Beberapa hari kemudian sang ibu kembali ke rumah, juragan/mandor tempat suaminya bekerja, menanyakan apakah suaminya sudah diberitahu kalau istrinya sudah melahirkan. Sang Juragan menjawab "Sudah saya beri tahu kalau kerjaan dan selesai, suamimu akan pulang. Begitu dalam waktu menanti kepulangan suaminya, tepat ibu itu mau mengadakan acara sepasaran bayi. Sang juragan baru ingat kalau dia belum bilang bahwa istri anak buahnya melahirkan. Sesampai di Magelang sang Juragan langsung menemui anak buahnya itu dan bilang " Har, kemarin aku dapat kabar istrimu melahirkan, kamu segera pulang ya. Mendengar kabar bahagia itu sang bapak langsung ijin untuk pulang ke Karanganyar. Sesampai di Karanganyar betapa kagetnya sang bapak, rumah sudah ada acara sepasaran, berarti sang juragan memberi kabar istrinya melahirkannya itu terlambat.
Kedatangan sang ayah disambut dengan suka cita oleh seluruh anggota keluarga. Keluarga ini semakin bahagia dengan bertambahnya satu anggota keluarga dan anak ke-3 ini diberi nama TRI HARTANTO.

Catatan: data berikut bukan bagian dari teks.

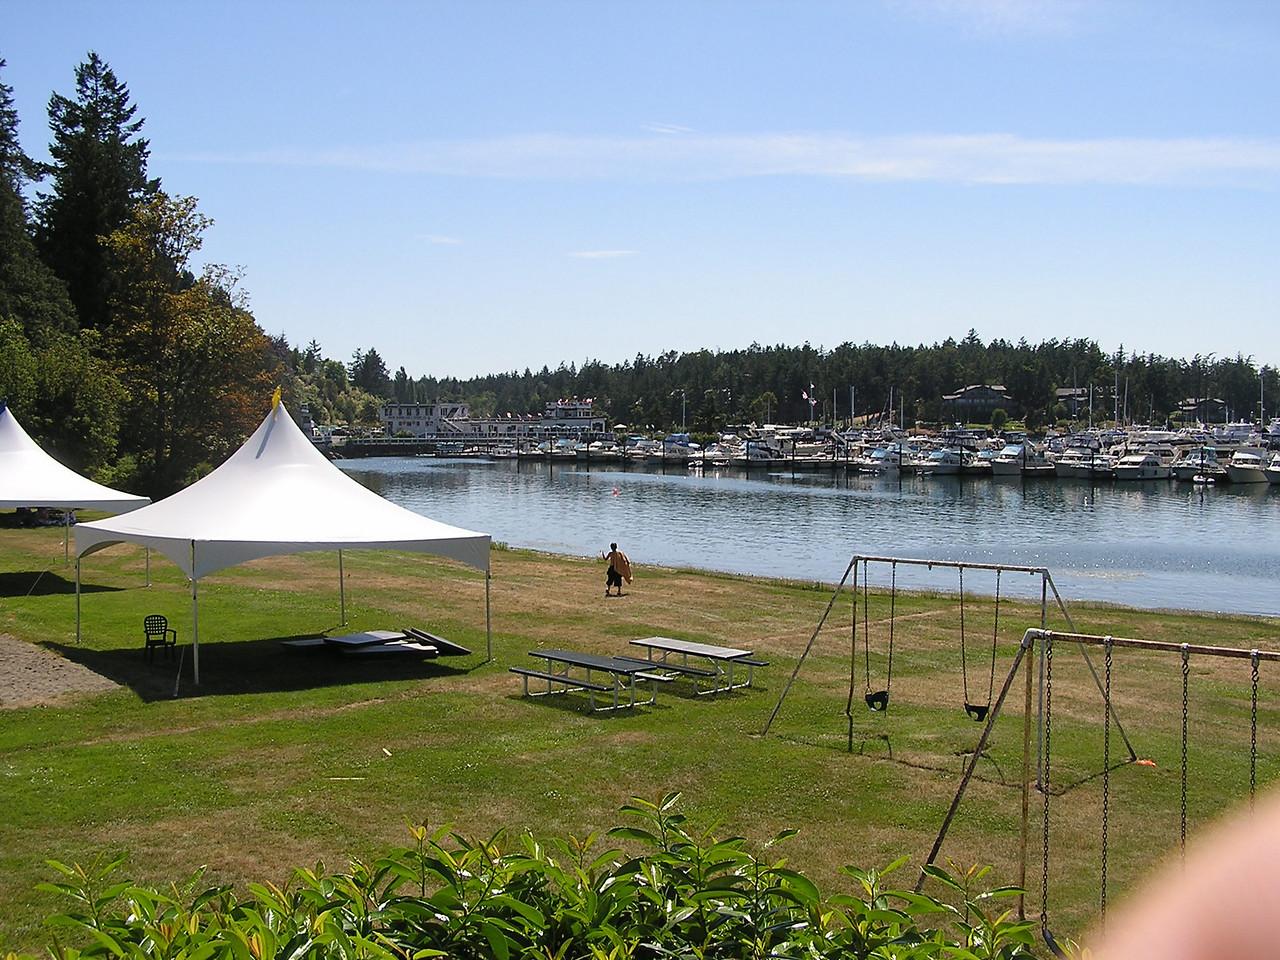 Day 5: Roche Harbor on San Juan Island, Washington State, United States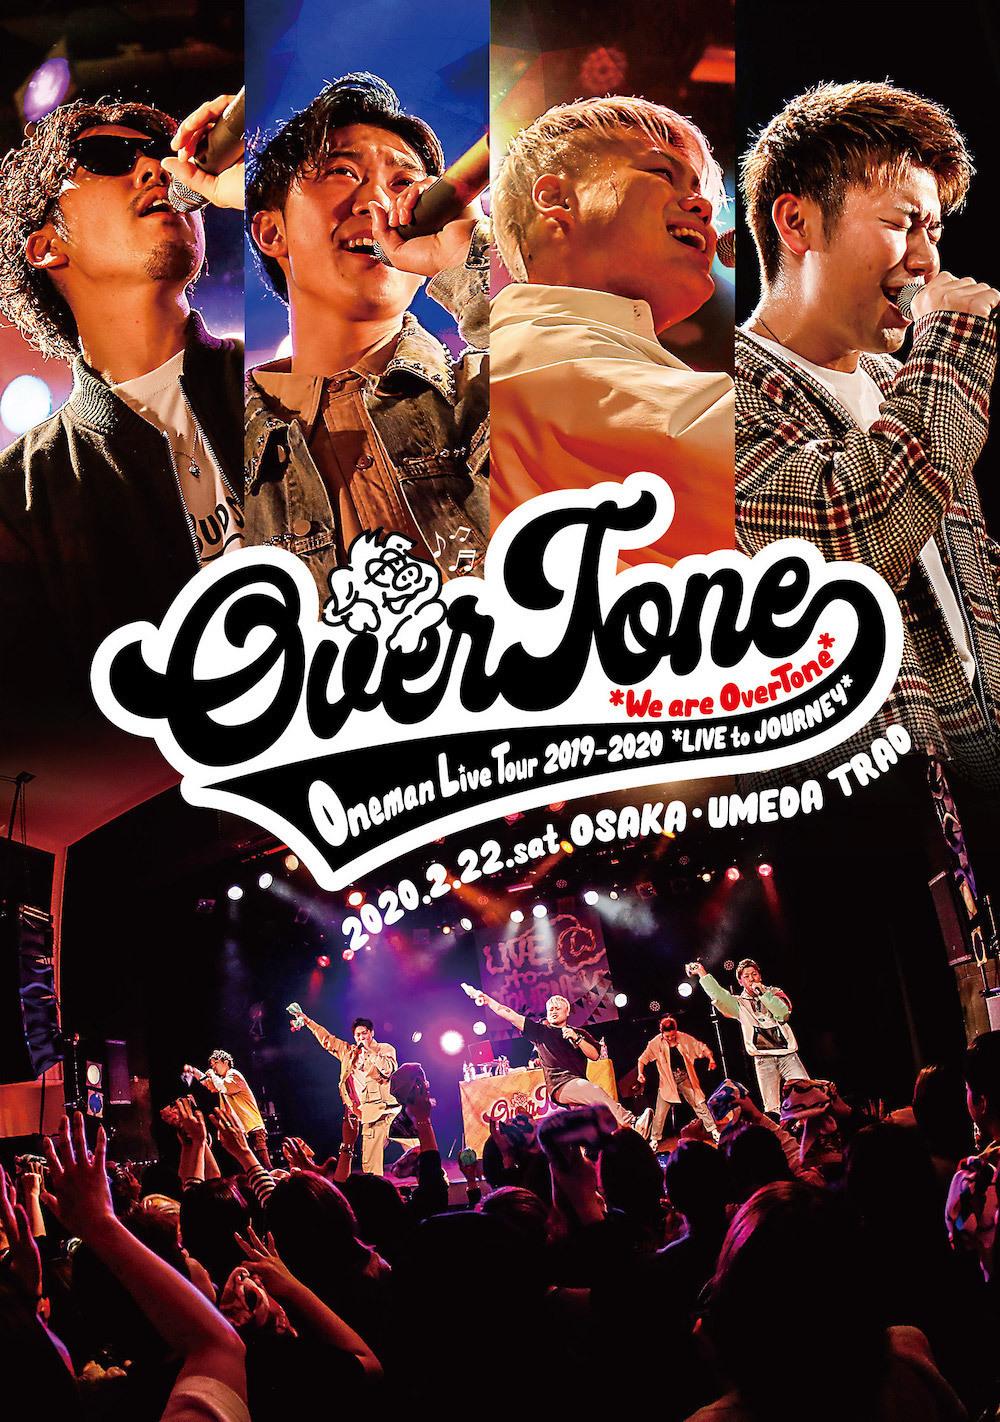 【LIVE DVD】OverTone Live Tour 2019→2020〜LIVE to JOURNEY〜@大阪umeda TRAD

Karena orang tua tri adalah seorang buruh, maka tri dibesarkan dalam lingkup keluarga yang sangat sederhana. Semasa bayi, selalu diajak ibunya mengembala sapi di tanah lapang. Hampir saja si bayi ini diambil oleh orang gila, karena saat digendong ibunya mengembala sapi, sapinya lari  dan hilang dari tanah lapang itu. Karena panik sapinya hilang sang ibu meletakkan bayinya di teras gedung PWRI Karanganyar yang kebetulan ada diseberang tanah lapang tersebut. Saat sang ibu mencari sapinya, datanglah Sarindi orang gila yang lagi viral di Karanganyar, sarindi  dari jalan melihat sesuatu yang bergerak-gerak dan tertarik mau diambilnya bayi itu, tp alhamdulillah sang ibu segera sadar kalau anaknya ada didekat orang gila itu, akhirnya orang gila itu diusirnya dan sang anak selamat tidak jadi digendong Sarindi.










MASA SMP (PUBER 1)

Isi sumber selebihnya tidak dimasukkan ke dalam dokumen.